Work to be completed: The task requires repeating, word for word, the lines from the one with "Zasłona na kółkach" through the end of the material, leaving out all pictures.

Recorded data:
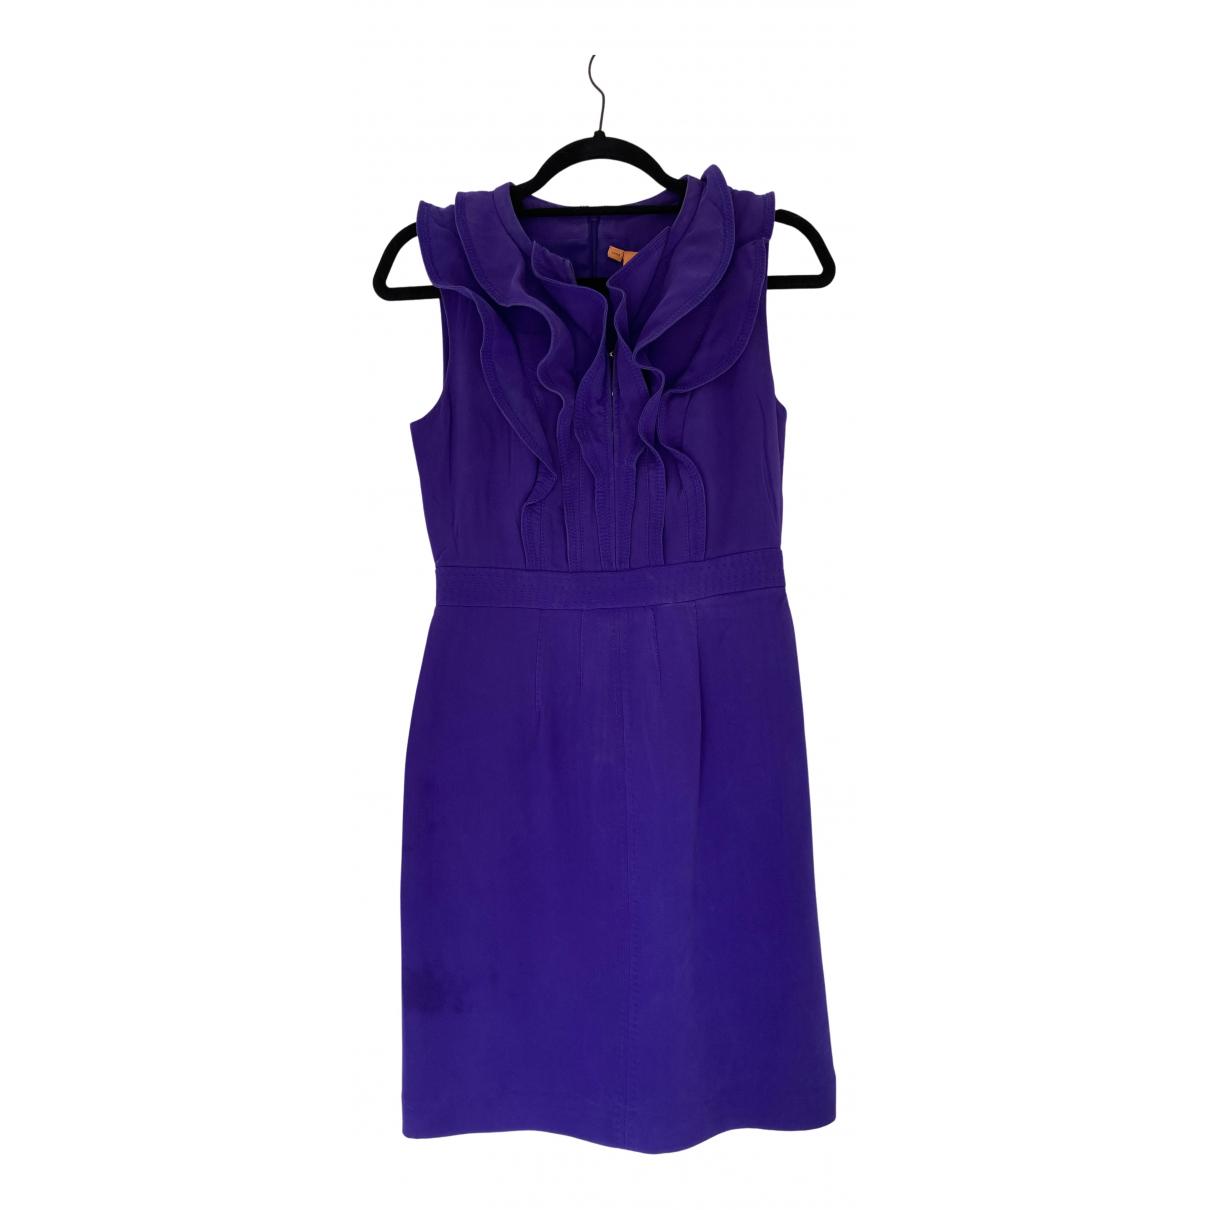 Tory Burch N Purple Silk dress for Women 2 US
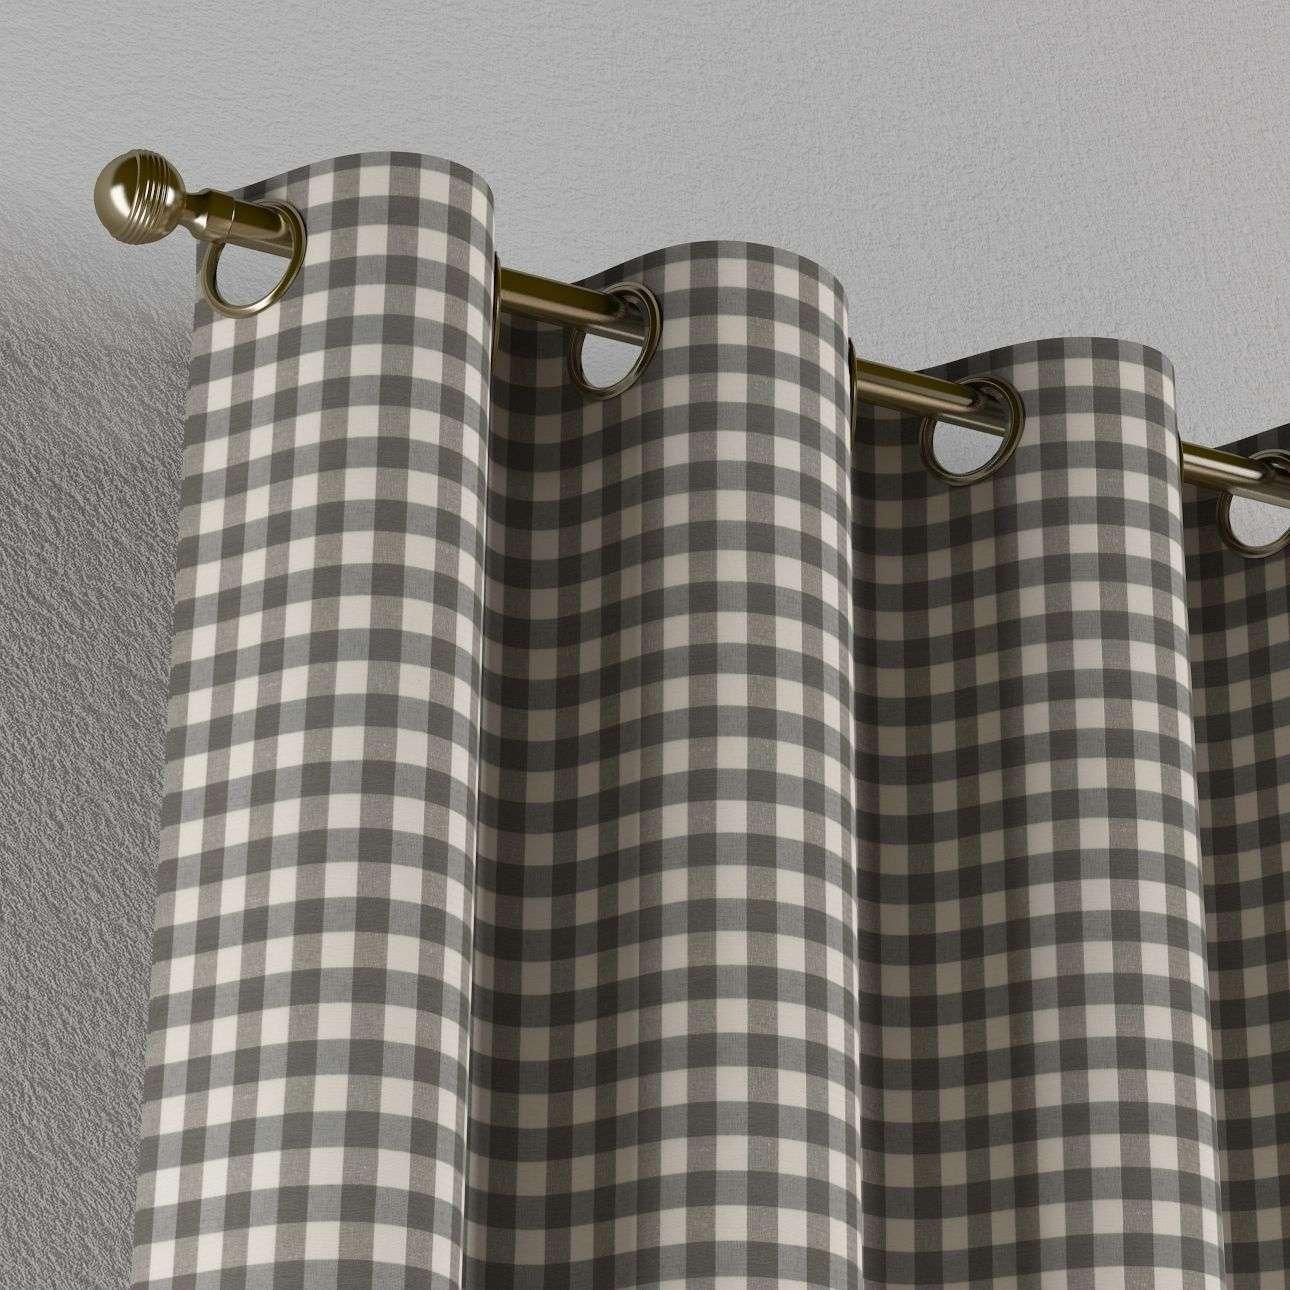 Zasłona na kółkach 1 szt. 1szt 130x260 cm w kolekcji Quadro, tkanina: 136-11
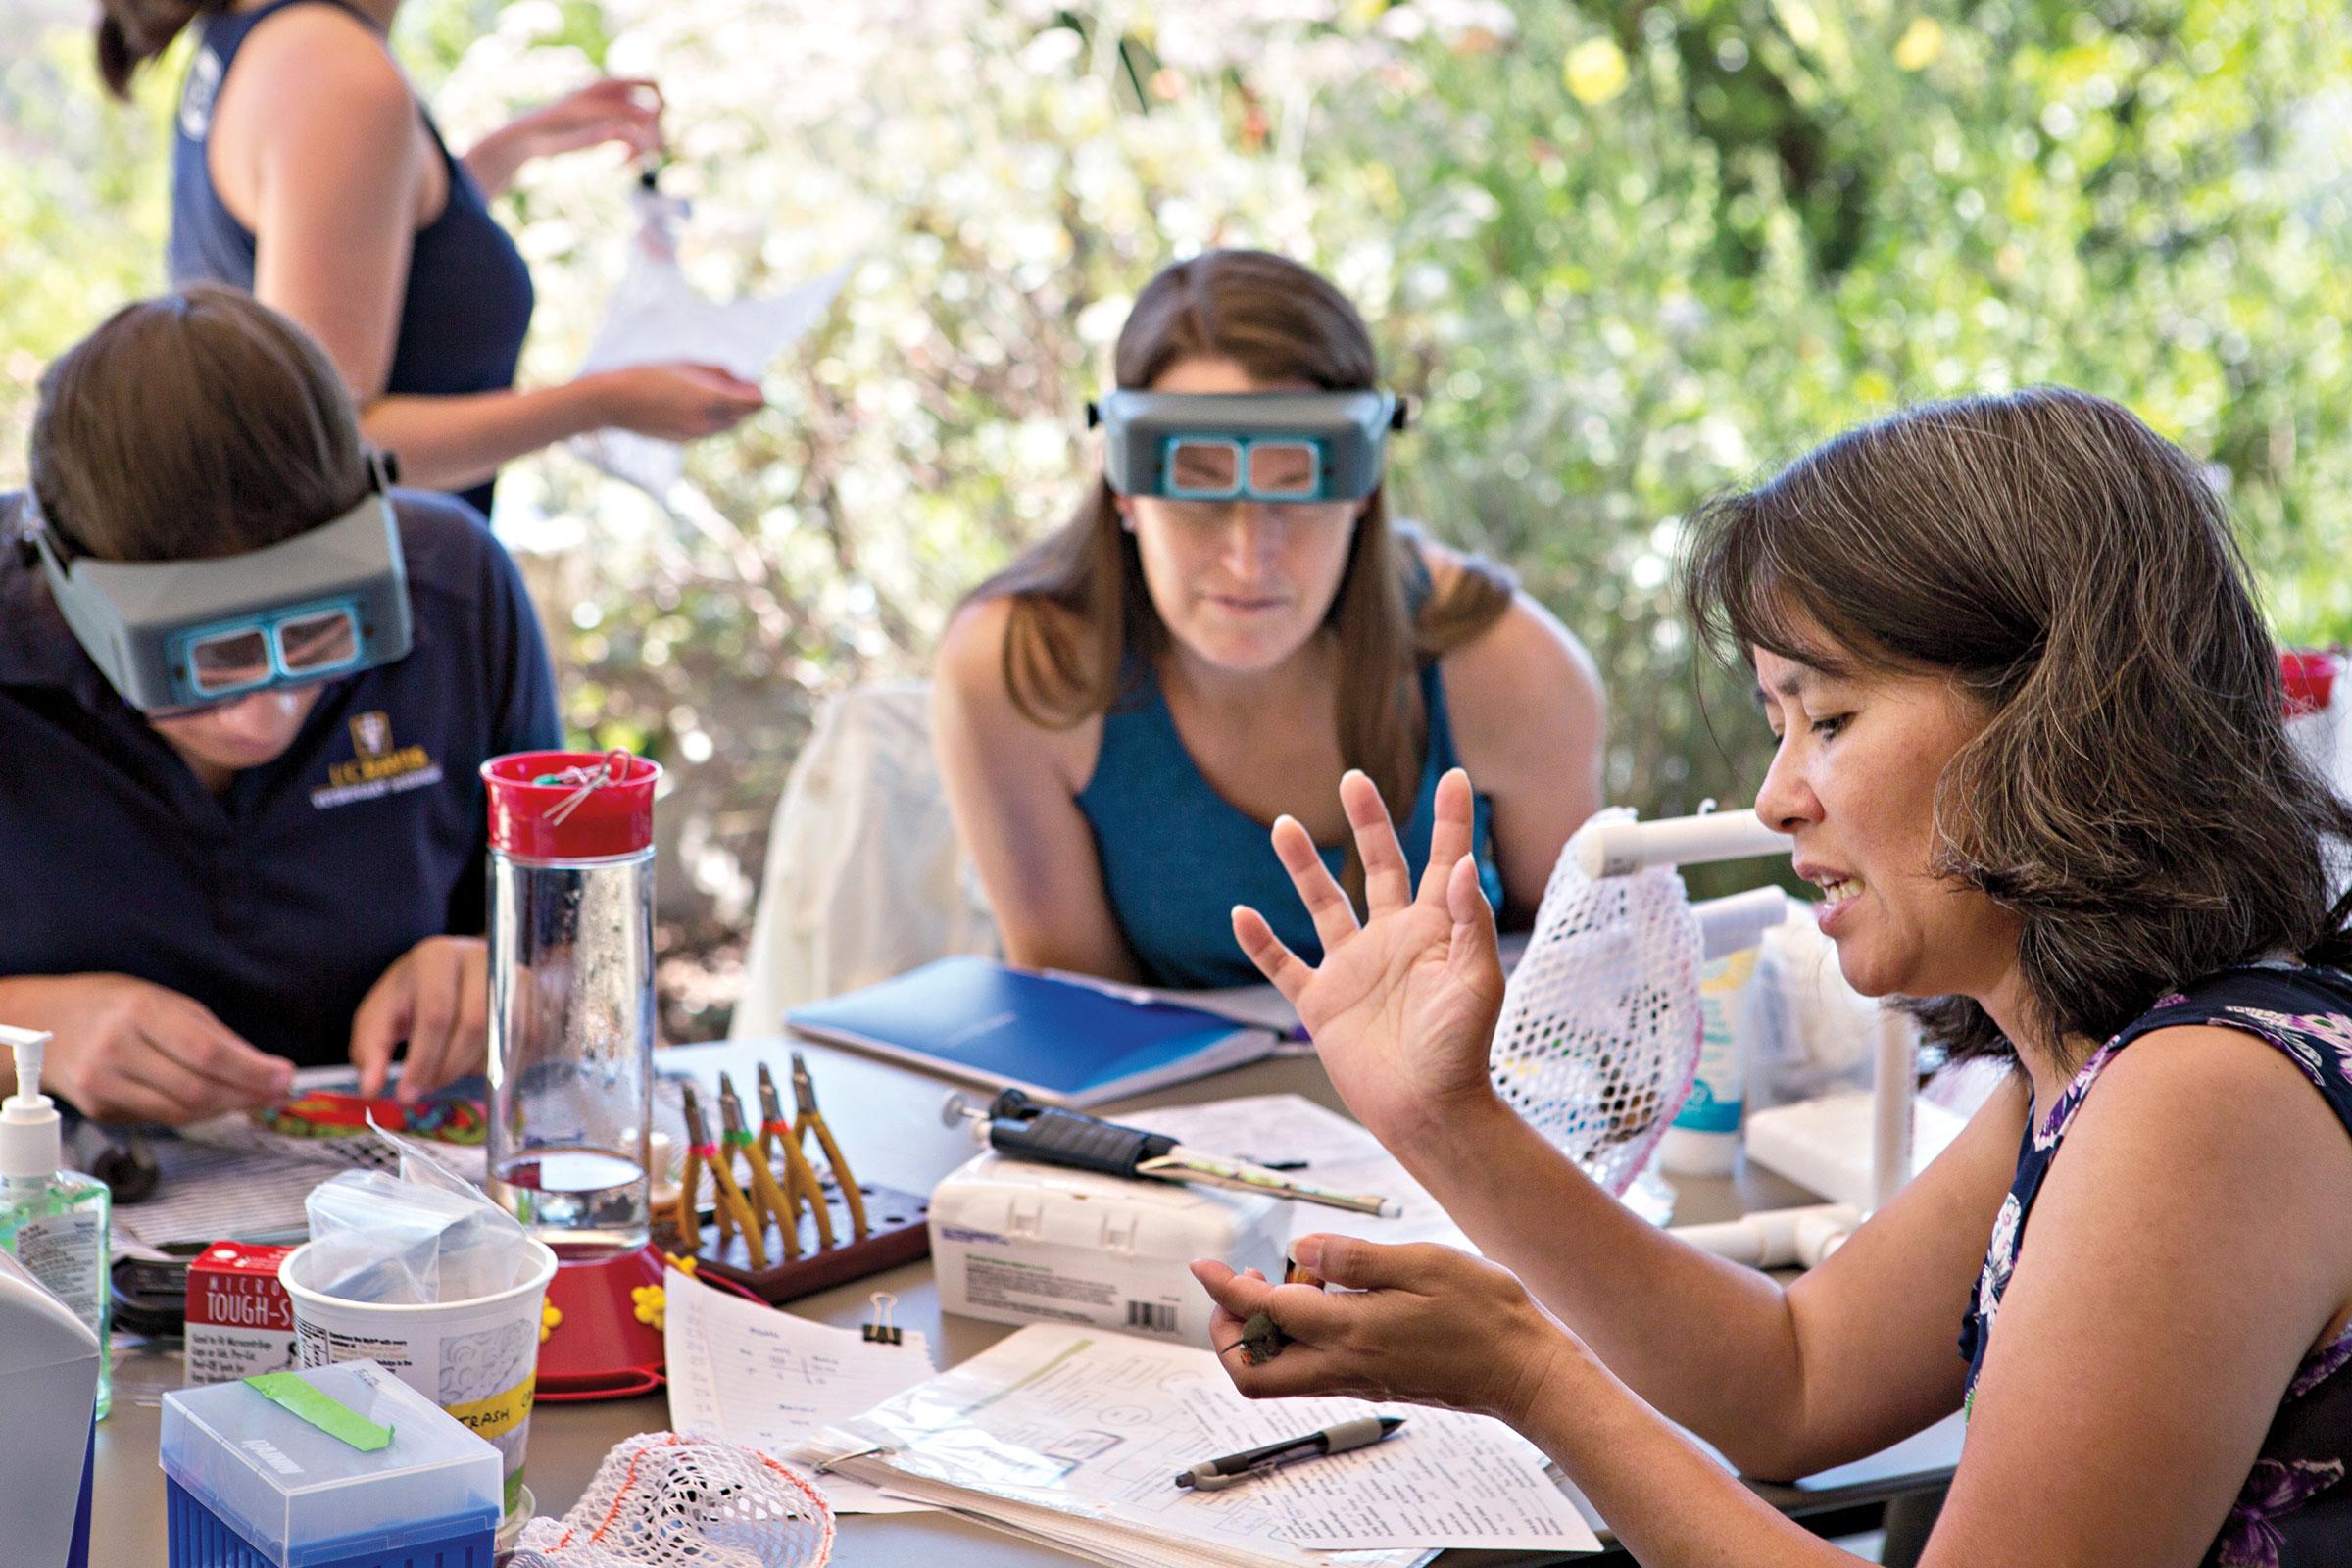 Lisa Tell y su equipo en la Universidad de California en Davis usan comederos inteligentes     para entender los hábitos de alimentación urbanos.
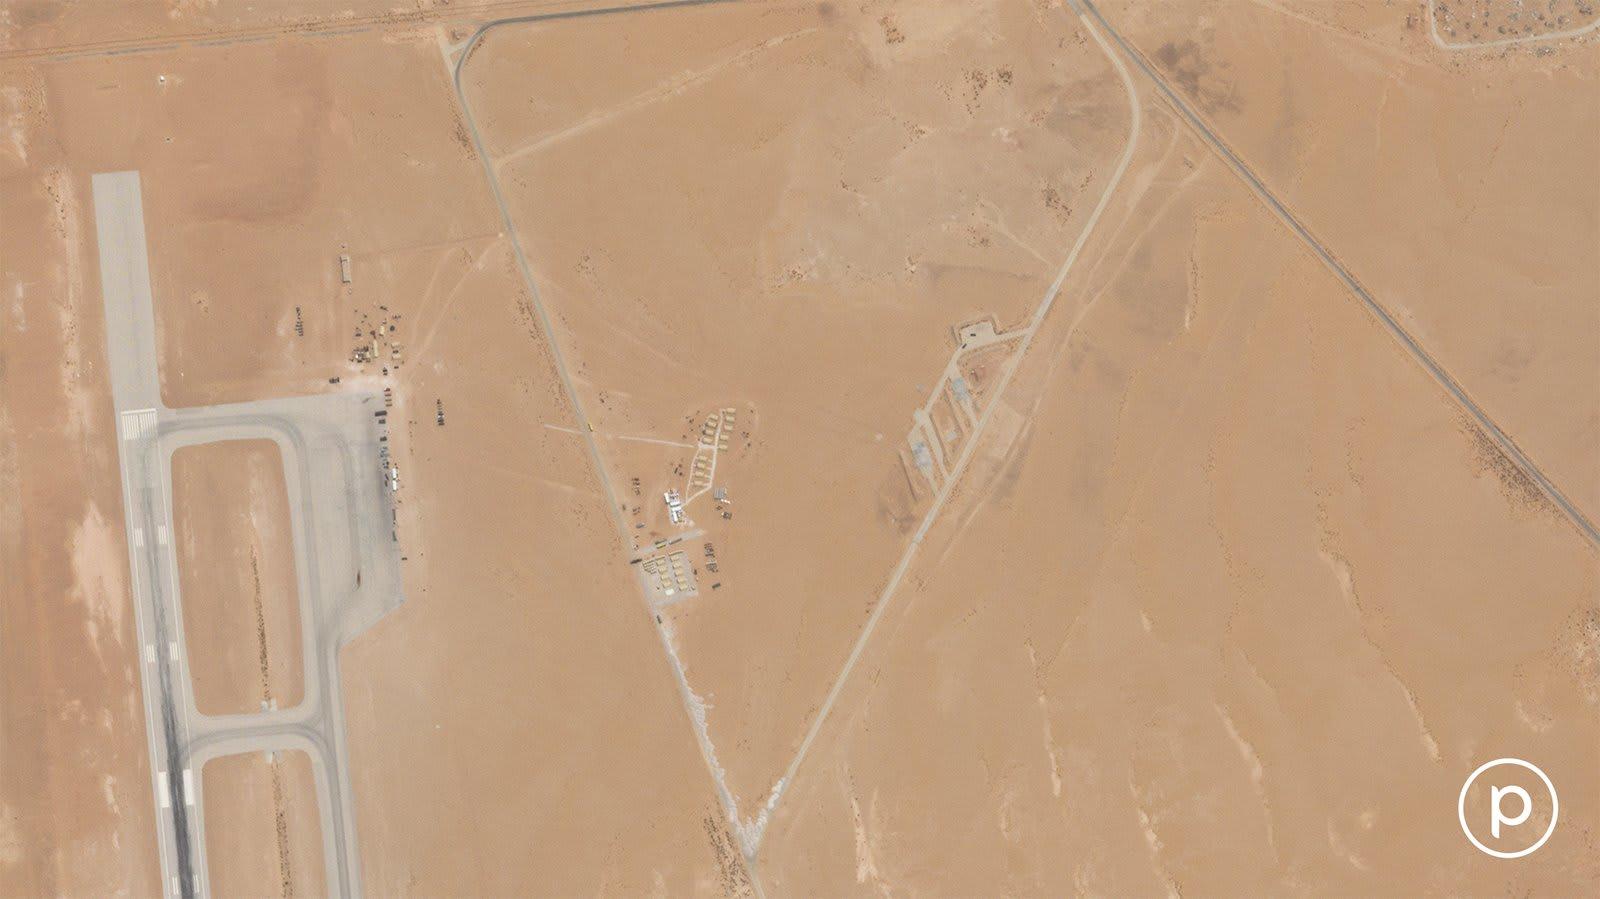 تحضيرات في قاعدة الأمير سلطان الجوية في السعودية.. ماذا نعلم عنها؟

Exercise result:
 Zasłona na kółkach 1 szt. 1szt 130x260 cm w kolekcji Quadro, tkanina: 136-11
 Lisa Tell y su equipo en la Universidad de California en Davis usan comederos inteligentes     para entender los hábitos de alimentación urbanos.
 تحضيرات في قاعدة الأمير سلطان الجوية في السعودية.. ماذا نعلم عنها؟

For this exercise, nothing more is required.